**Records for the task**.
■ ■ ■ ■
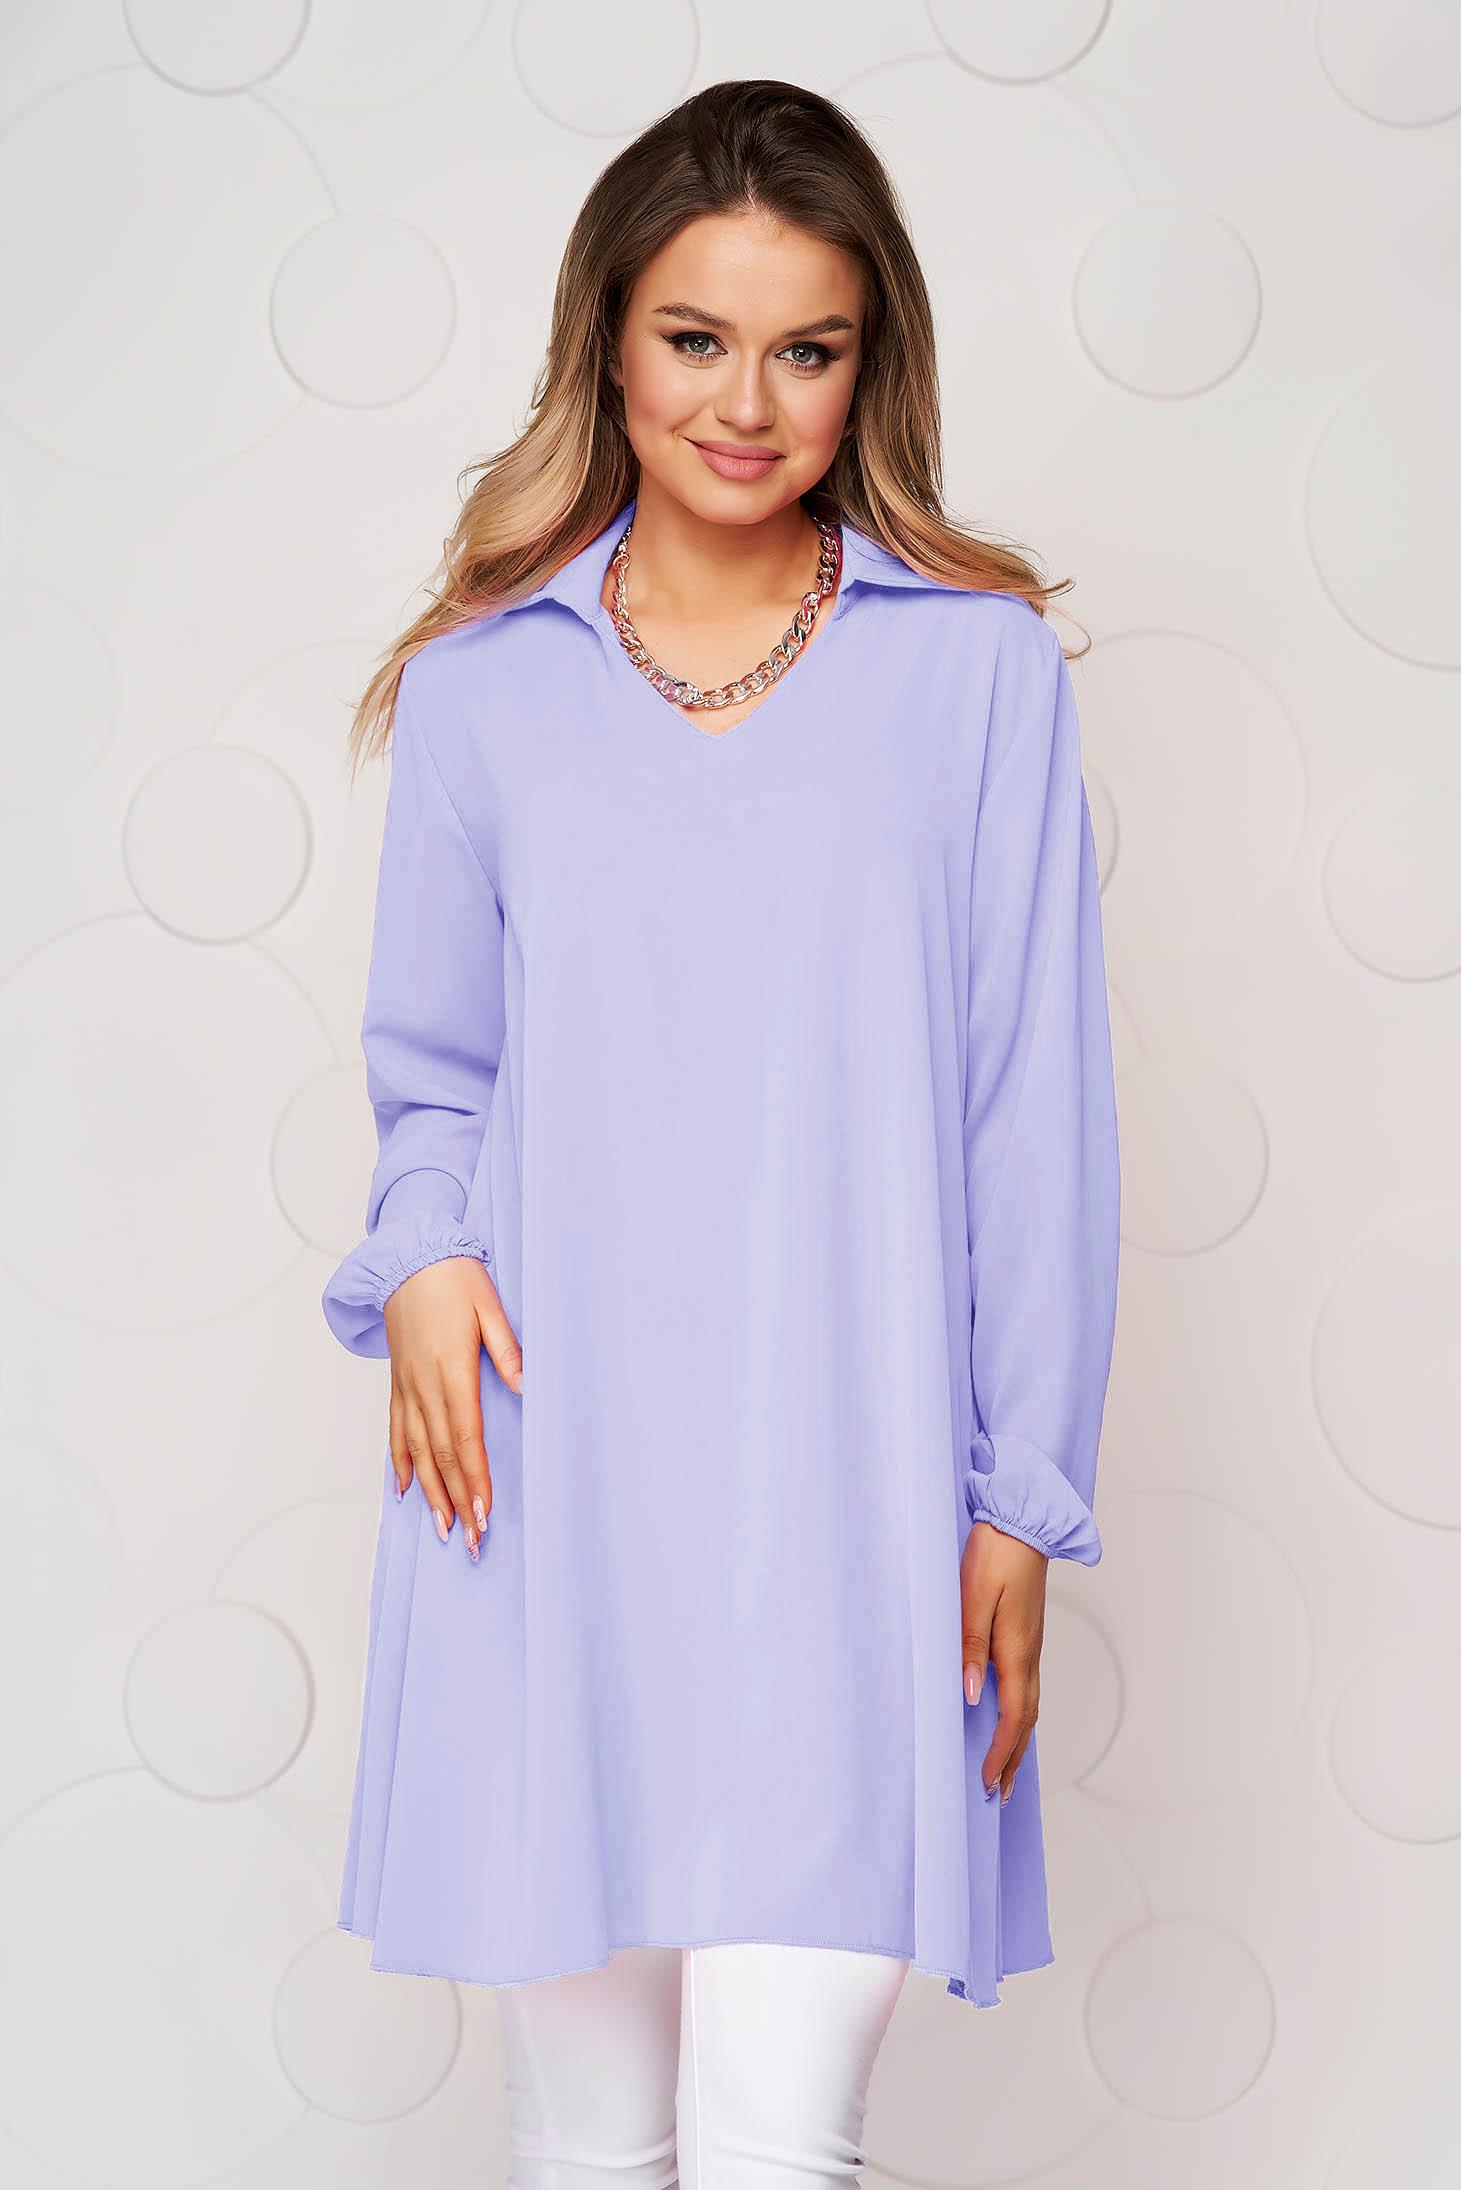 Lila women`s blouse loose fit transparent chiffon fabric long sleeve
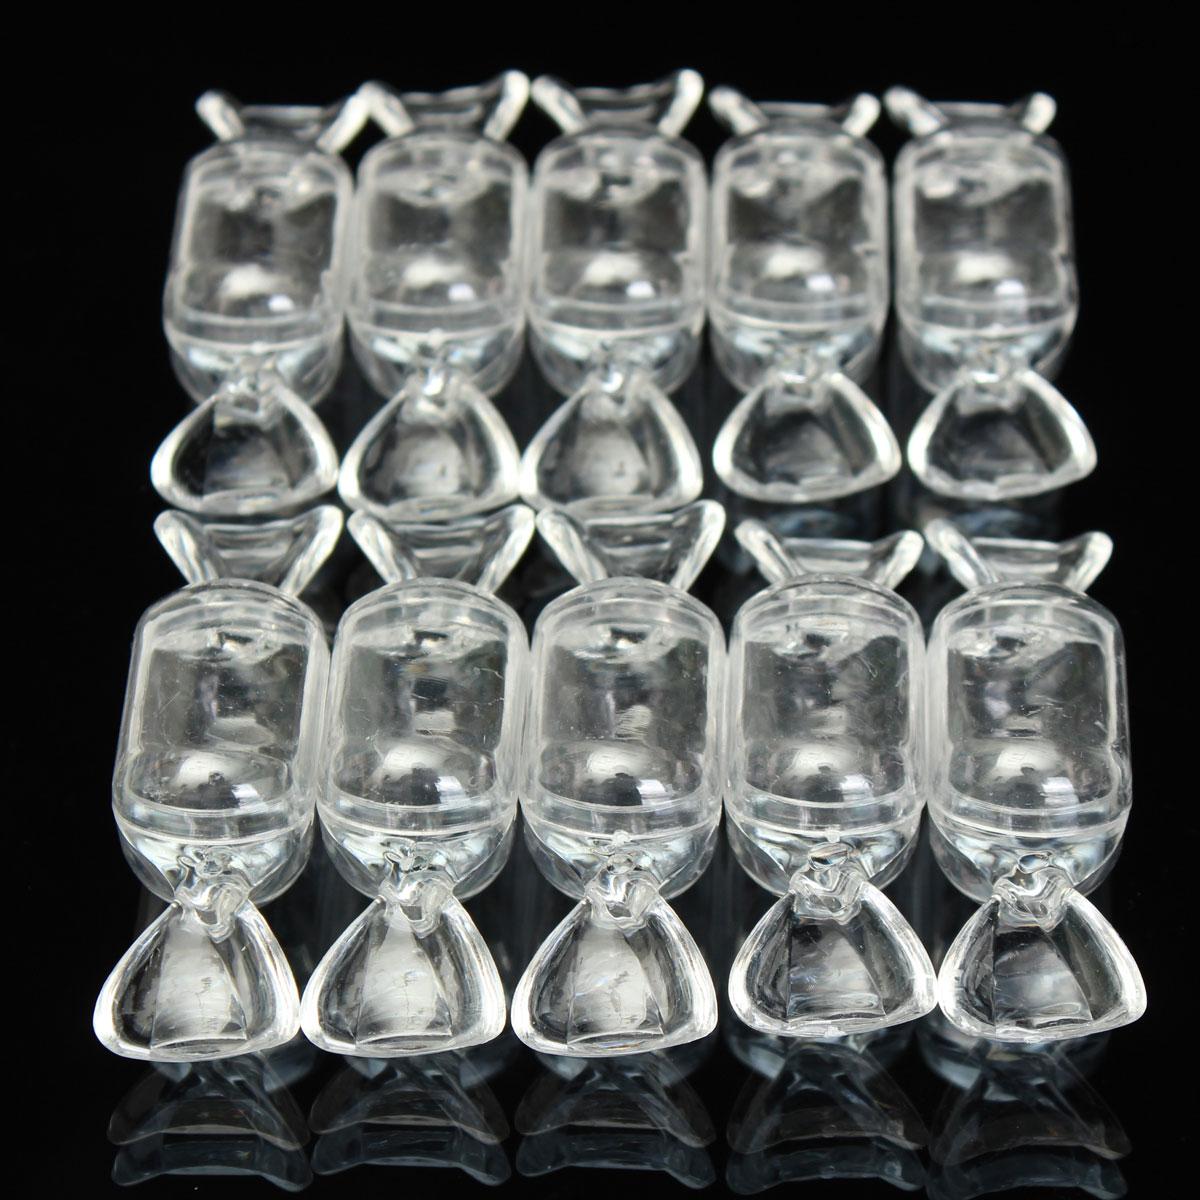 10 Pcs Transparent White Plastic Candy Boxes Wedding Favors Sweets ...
■ ■ ■ ■
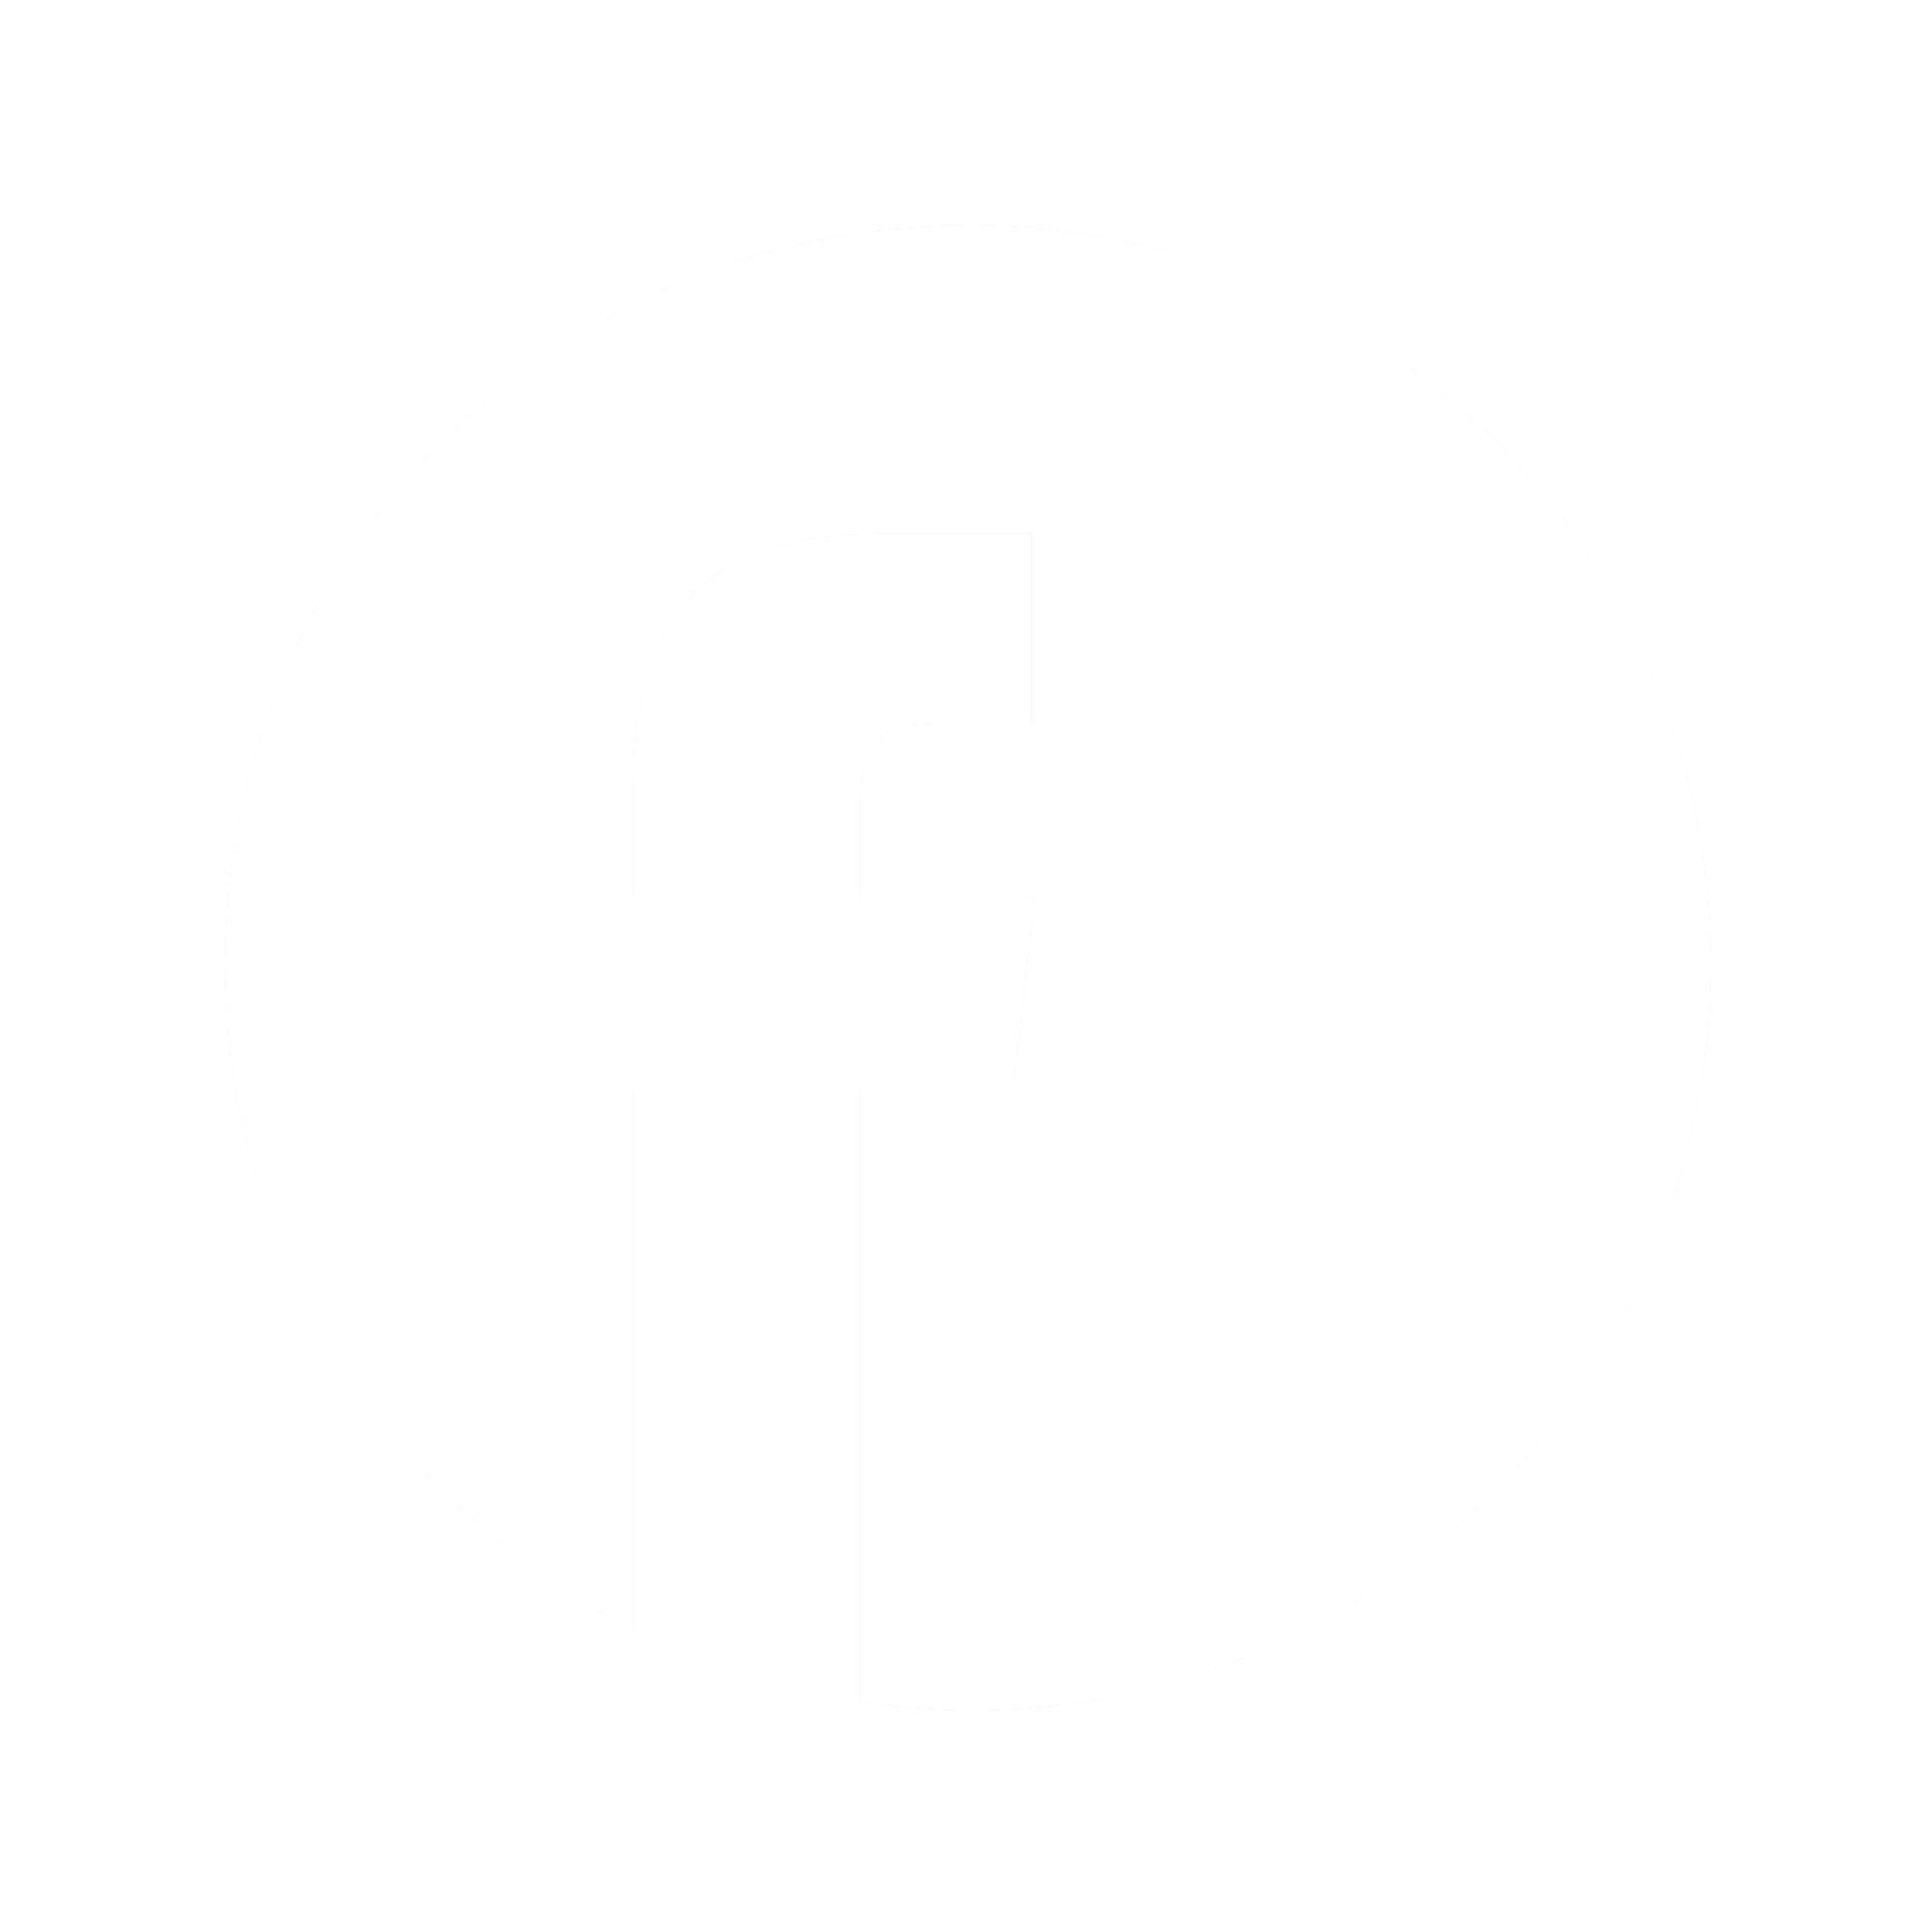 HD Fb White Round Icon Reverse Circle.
■ ■ ■ ■
**Prompt**. Your answer should consist of the lines above between those holding "fabric long sleeve" and "10 Pcs Transparent", inclusive, reproduced word for word and without pictures.

**Solution to this exercise**.
 Lila women`s blouse loose fit transparent chiffon fabric long sleeve
 10 Pcs Transparent White Plastic Candy Boxes Wedding Favors Sweets ...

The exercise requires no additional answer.